# Entwicklungsumgebung fuer LInux mit code vervollständigung

## sunnemer

Welche Entwicklungsumgebung fuer Linux bietet Code-Vervollständigung, insbesondere fuer c++ programmierung?

Welche Entwicklungsumgebung ist zu empfehlen?

Gruß & Danke

Sunnemer

----------

## Earthwings

Eclipse ist für Java hervorragend. C++ wird auch unterstützt, aber ohne Code-Vervollständigung, zumindest bis Version 2.1 (in portage). Ebuilds für die Version 3 gibts in Bugzilla, wie gut die C++ Unterstützung da ist, weiß ich nicht. Weitere Infos unter www.eclipse.org

----------

## MrTom

Für c++ würd ich mir mal Anjuta ansehen. Ist im Portage und kann das was Du willst.

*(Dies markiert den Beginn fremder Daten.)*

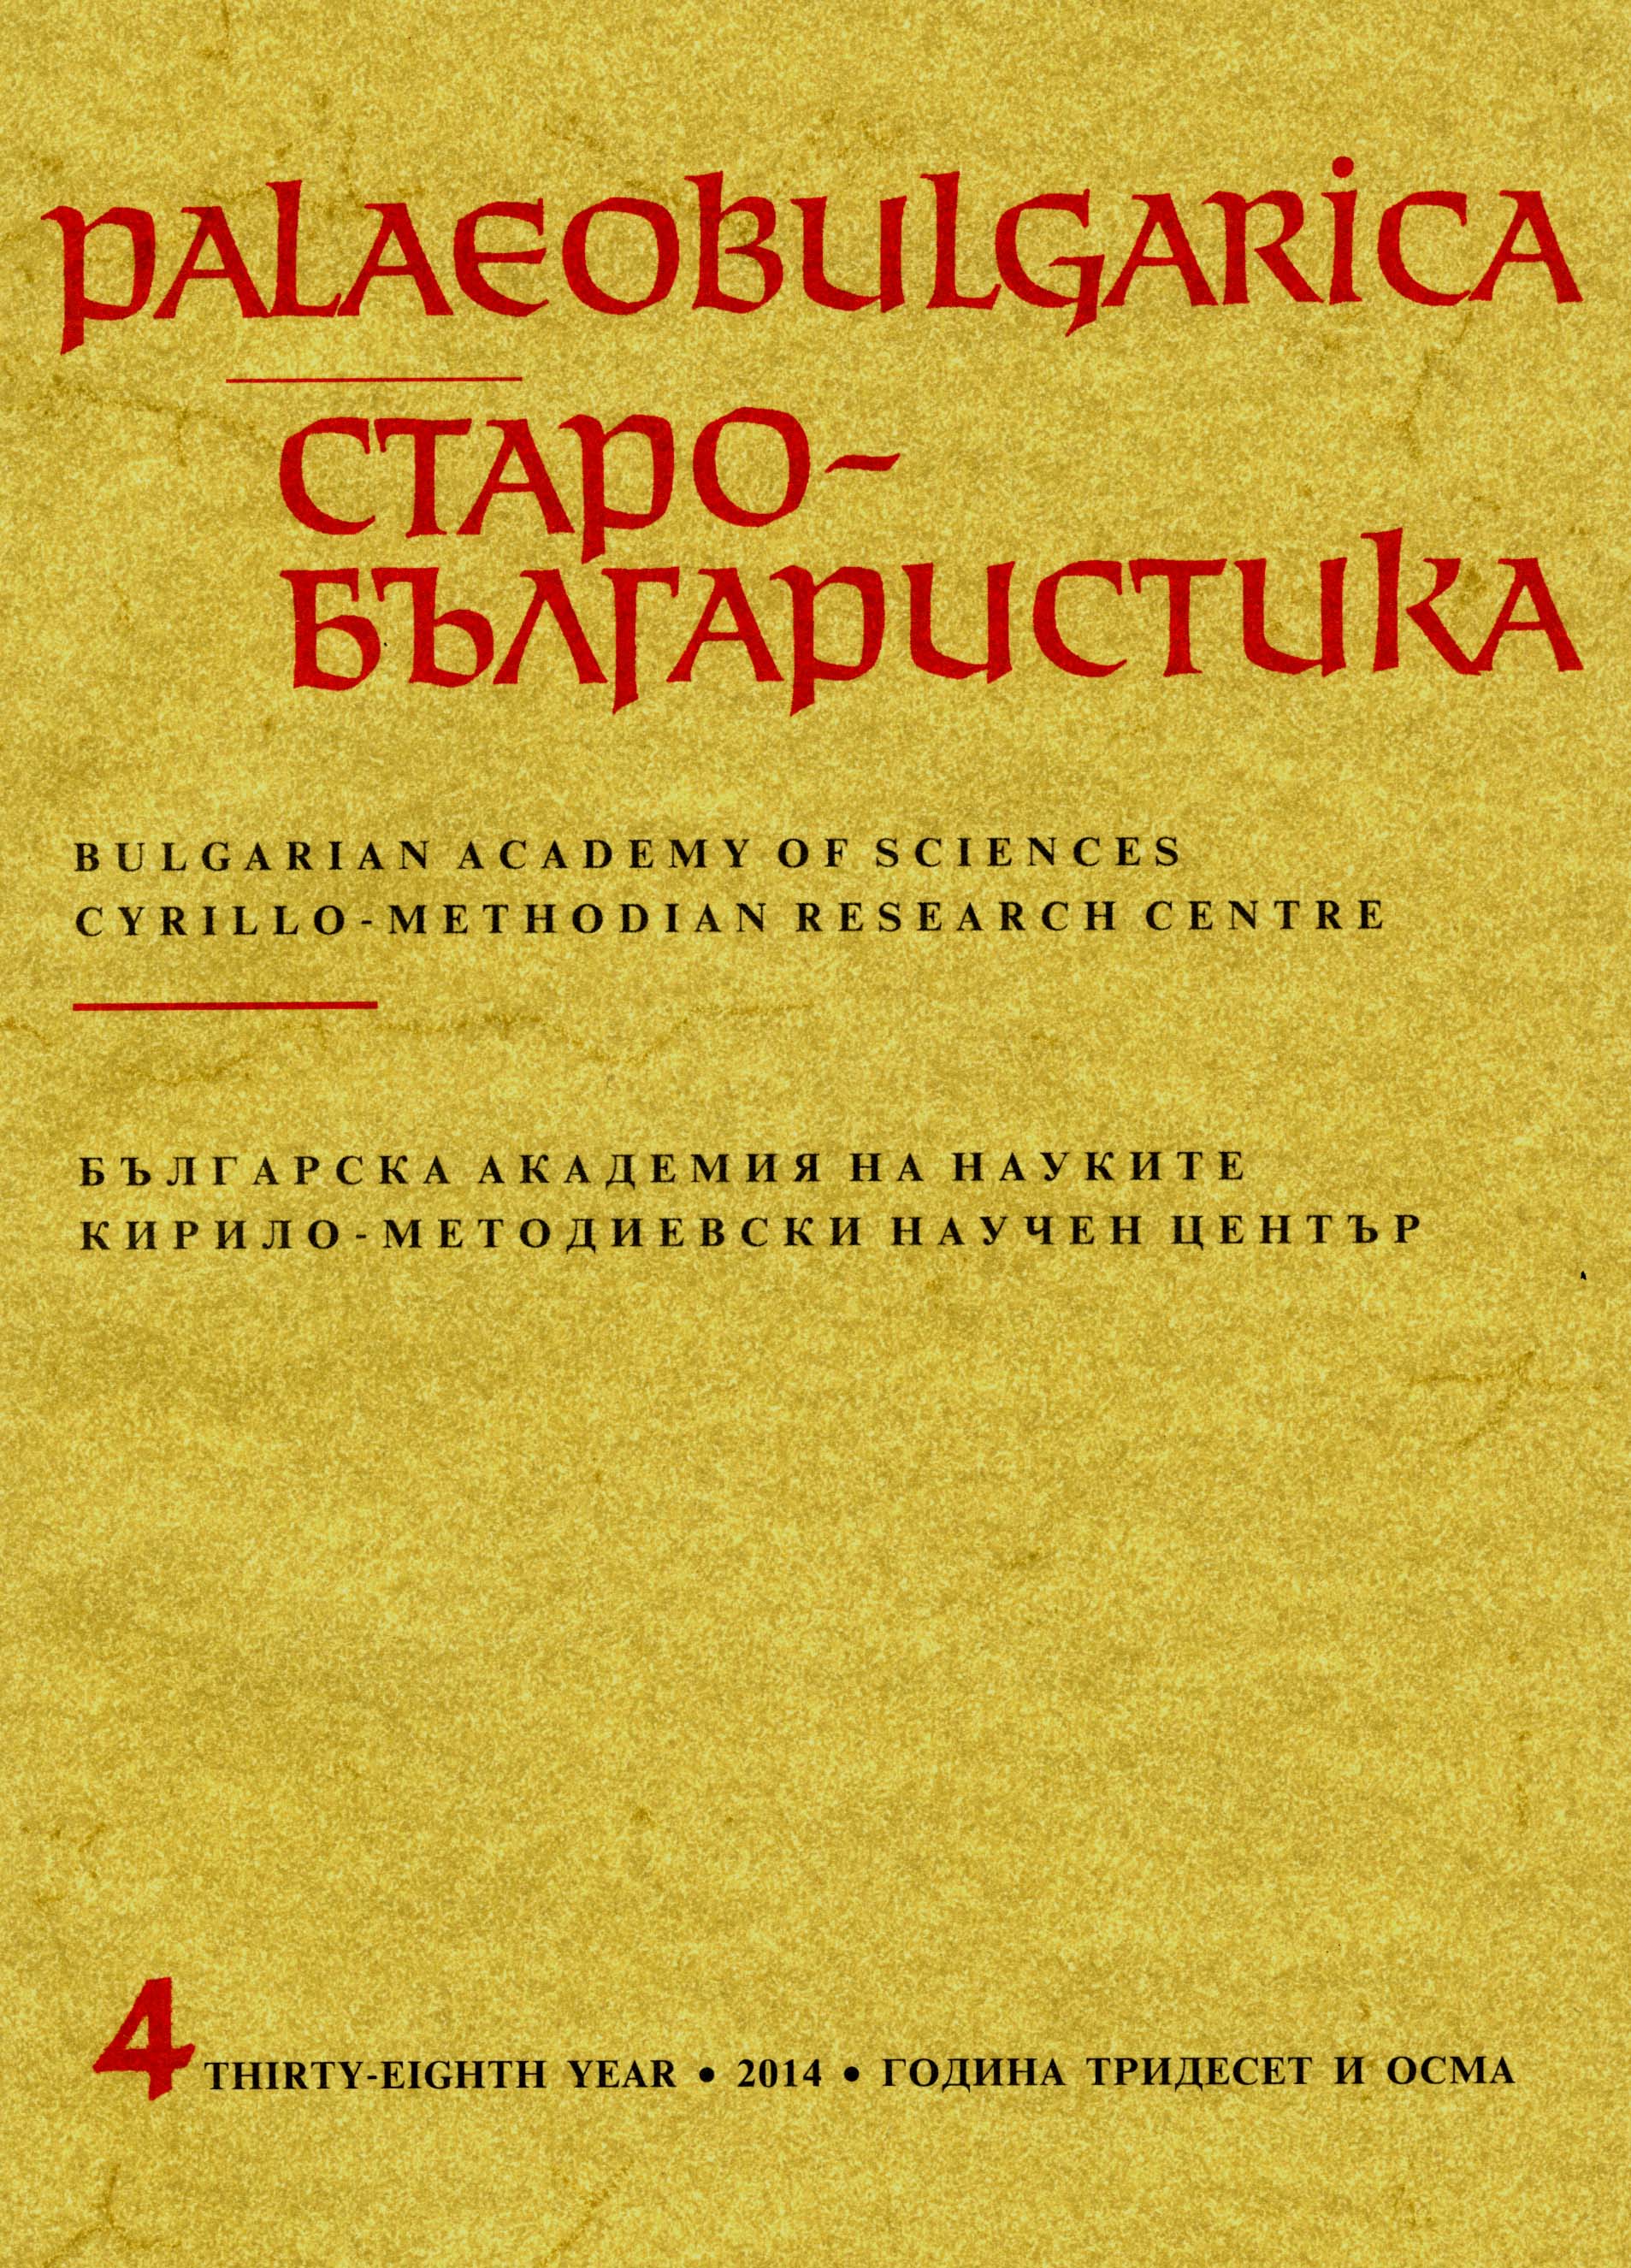 The Slavic Mediaeval Written Heritage and Information Technologies Cover Image

Wenn's in Richtung KDE/QT geht, dann KDevelop. Da ich das aber nicht nehme, kann ich nicht sagen, ob es Code-Vervollständigung kann.

Und natürlich VIM !!! Strg+N ist Dein Freund  :Wink: 

----------

## sprittwicht

 *MrTom wrote:*   

> Wenn's in Richtung KDE/QT geht, dann KDevelop. Da ich das aber nicht nehme, kann ich nicht sagen, ob es Code-Vervollständigung kann.

 

Es kann.  :Wink: 

 *Quote:*   

> Und natürlich VIM !!! Strg+N ist Dein Freund 

 

Mit Verlaub: *kotz*  :Smile: 

----------

## MrTom

 *sprittwicht wrote:*   

> Mit Verlaub: *kotz* 

 

Wegen VIM oder Strg+N ?  :Smile: 

Vim find ich schon super. Aber muss schon zugeben, dass die Code-Completion mehr ein Gag ist. Anjuta und Vim kann man ja auch nicht vergleichen... Aber für jeden, dass was er will und braucht...  :Wink: 

----------